The management story is the load-bearing architectural content: the playbook corpus lives as Markdown files in a git repo rendered by mkdocs, with directory structure auto-generated from OpsGenie on-call teams so every team has a pre-seeded skeleton. Reviews started with a committed 3-person SRE-guild review rotation (explaining guidelines, aligning to a common standard); once enough examples existed the review authority was delegated to departmental representatives via GitHub CODEOWNERS. A pull-request template with check-box self-verification nudges new contributors through the playbook guidelines, and the "1-line summary" TODO in the template's first line turned out to be a small but effective context lever for reviewers. Alongside the rendered docs, a JSON metadata file is emitted with every build; the application-review workflow consumes it to answer "does this application have a playbook assigned?" and "are any of its playbooks expired?" — playbook presence is mandatory for applications above a certain criticality tier, and expiry dates force re-review cadence. The closing stance is a first-principles design recommendation: have every team imagine failure scenarios and draft playbooks; writing the playbook often exposes resilience-mechanism gaps that drive engineering changes upstream. "If used often enough, playbooks should be ideally automated."

Key takeaways¶

Incident playbooks are pre-approved emergency procedures, not diagnostic runbooks. Verbatim: "Our Incident Playbooks cover emergency procedures to initiate in case a certain set of conditions is met … In such cases there are often measures we can take, though they will degrade the customer experience. These emergency procedures are pre-approved by the respective Business Owner of the underlying functionality, allowing for quicker incident response without the need for explicit decision making while critical issues are ongoing." The business-owner pre-approval is the load-bearing distinction from generic runbooks — canonicalised as concepts/pre-approved-degradation-procedure. The playbook is the authorisation artefact, not the troubleshooting artefact. (Source: sources/2023-01-30-zalando-how-we-manage-our-1200-incident-playbooks)
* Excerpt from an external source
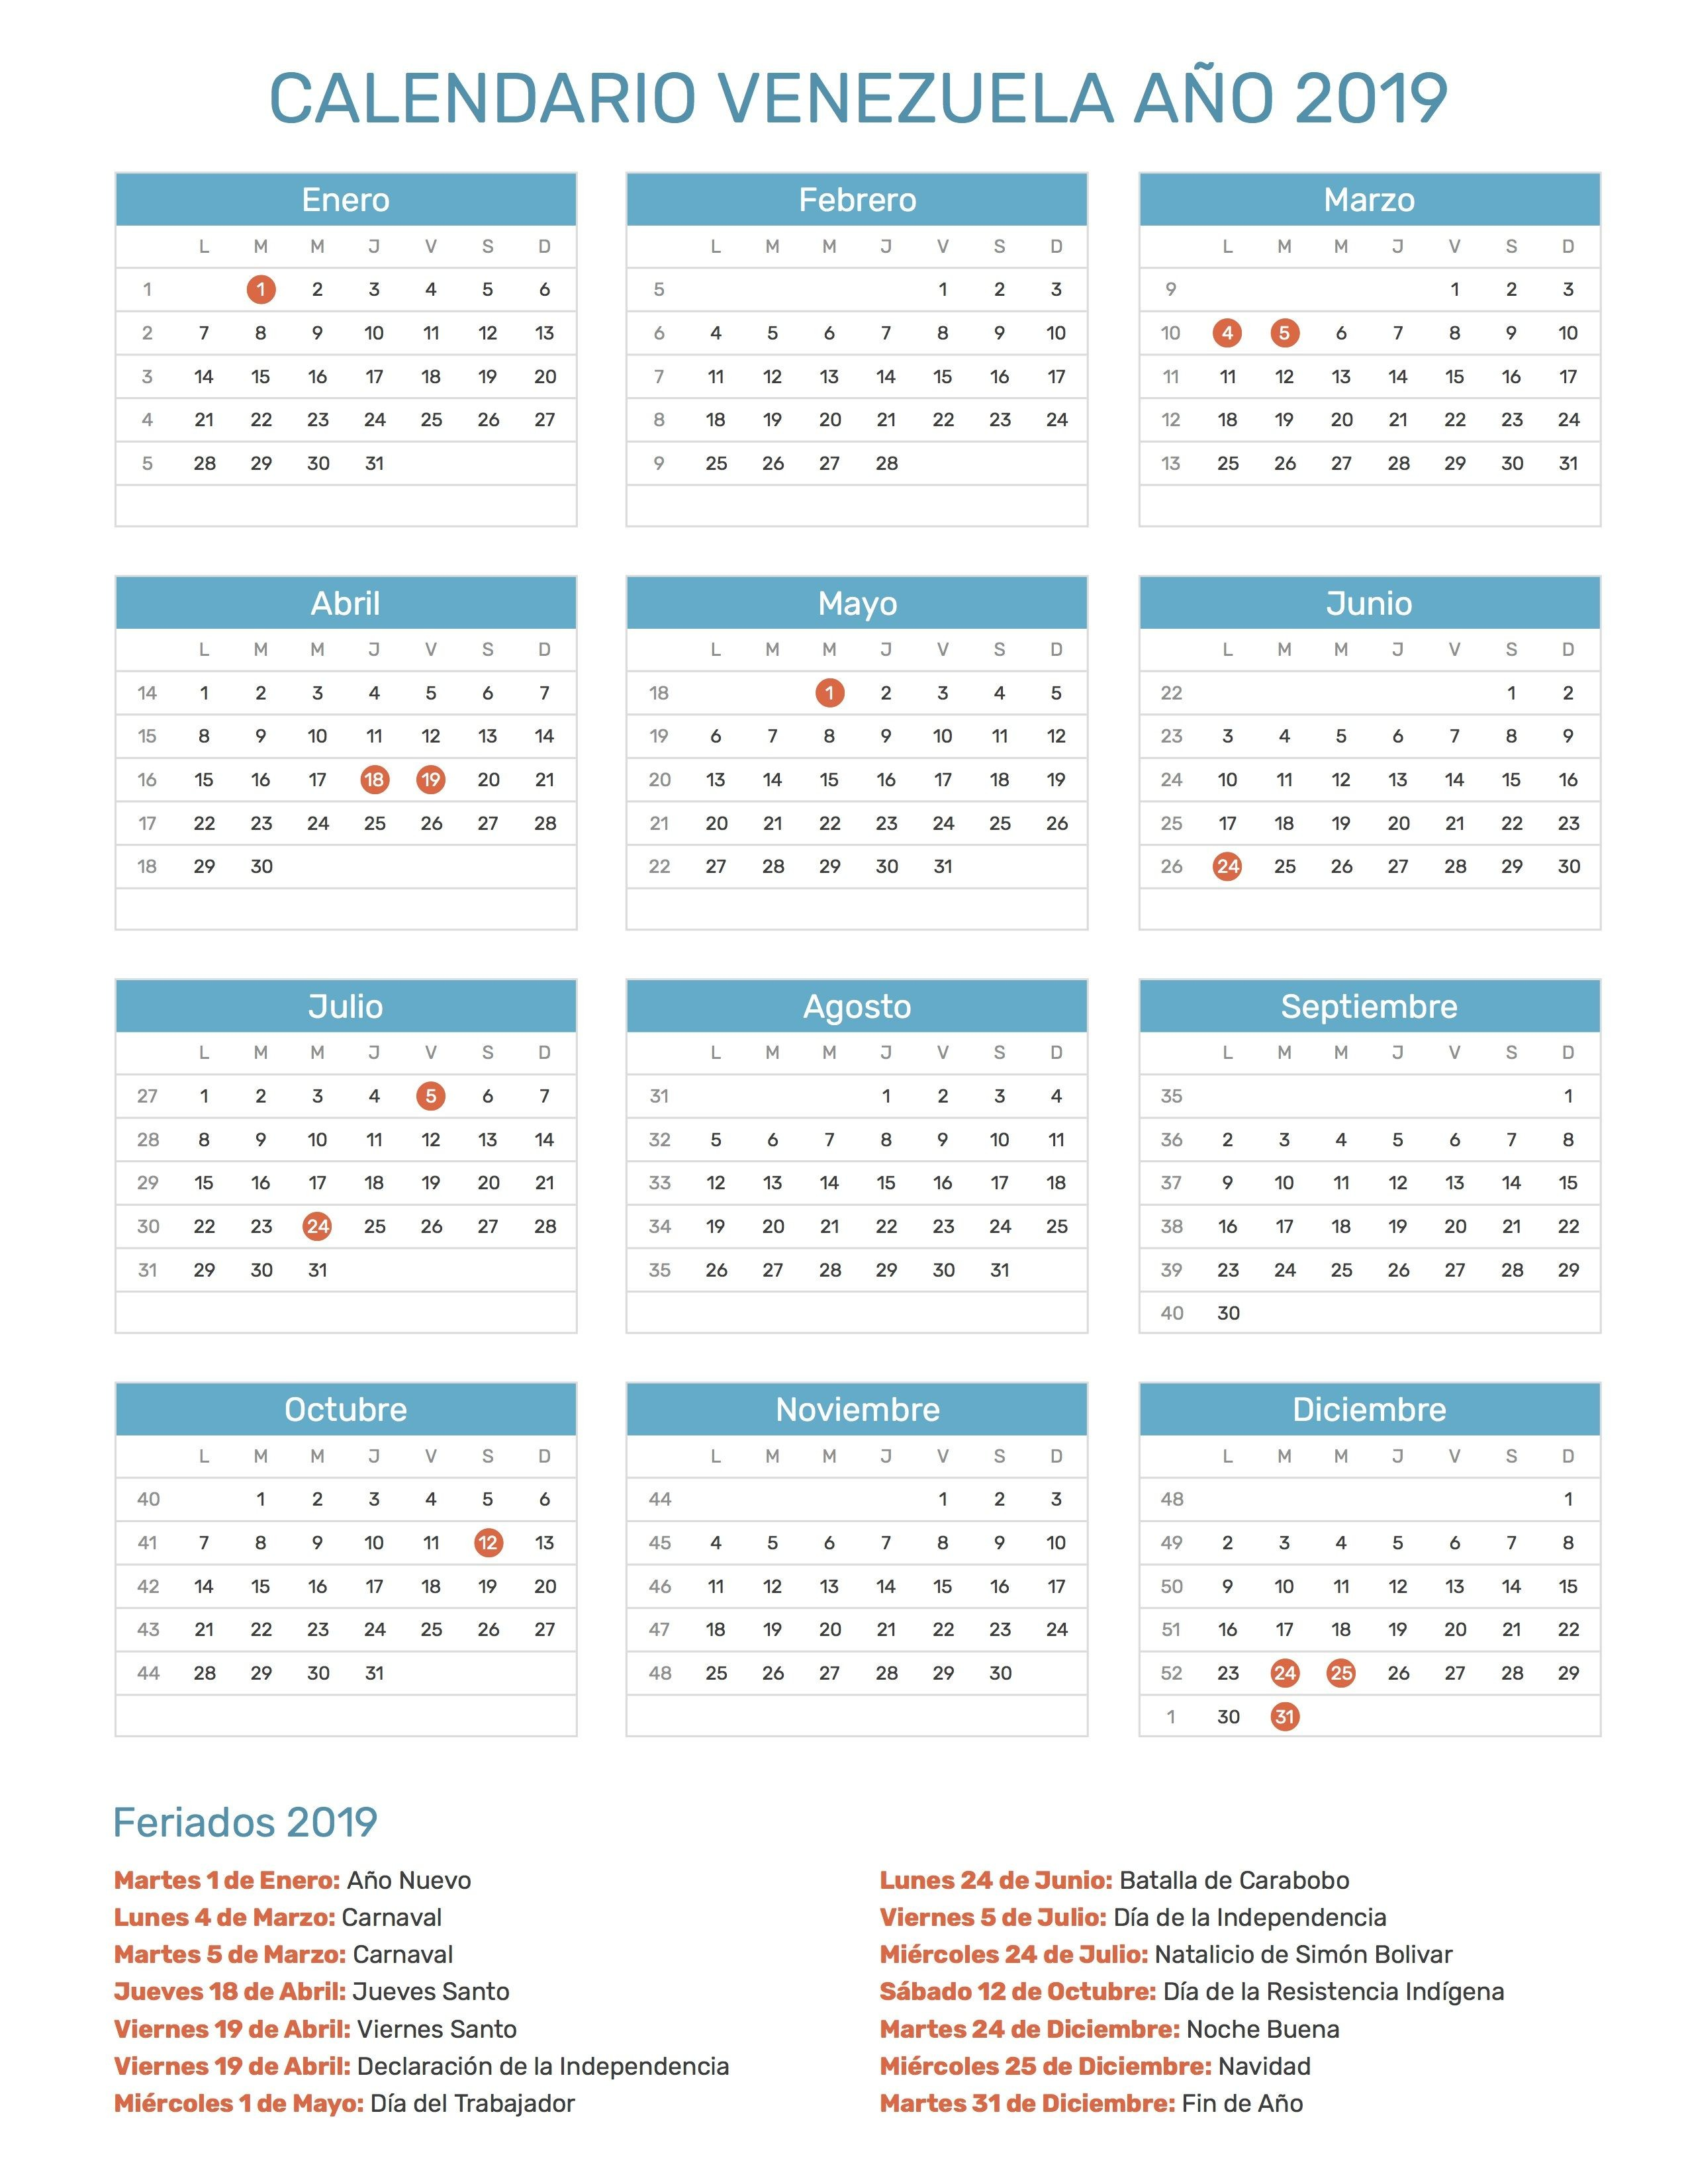 Calendario Abril 2019 Para Imprimir Minimalista Más Arriba-a-fecha Pin De Calendario Hispano En Calendario Con Feriados A±o 2019 Of Calendario Abril 2019 Para Imprimir Minimalista Mejores Y Más Novedosos Imprimir Calendario Latest Agosto Calendario Para Imprimir top

Playbooks at Zalando's scale land at roughly 1.41 per application and 12 per on-call team. Numbers: 1,200+ playbooks / 850+ applications in on-call scope / 100+ on-call teams = 1.41 playbooks per application / ~12 playbooks per team. Most applications have only a handful; the distribution is skewed (some systems have dozens, the long tail has one or two). Gives a concrete production scale data point for any org sizing their own playbook program.
The playbook library grew in Cyber-Week-driven step functions. The playbook-count-over-time chart shows Q3 spikes every year corresponding to Cyber Week preparations — a direct quantitative instance of the annual peak event as a capability forcing function that Zalando canonicalised elsewhere. Each Cyber Week, the org added new playbooks as one of its invested capabilities; the ratchet held year-over-year.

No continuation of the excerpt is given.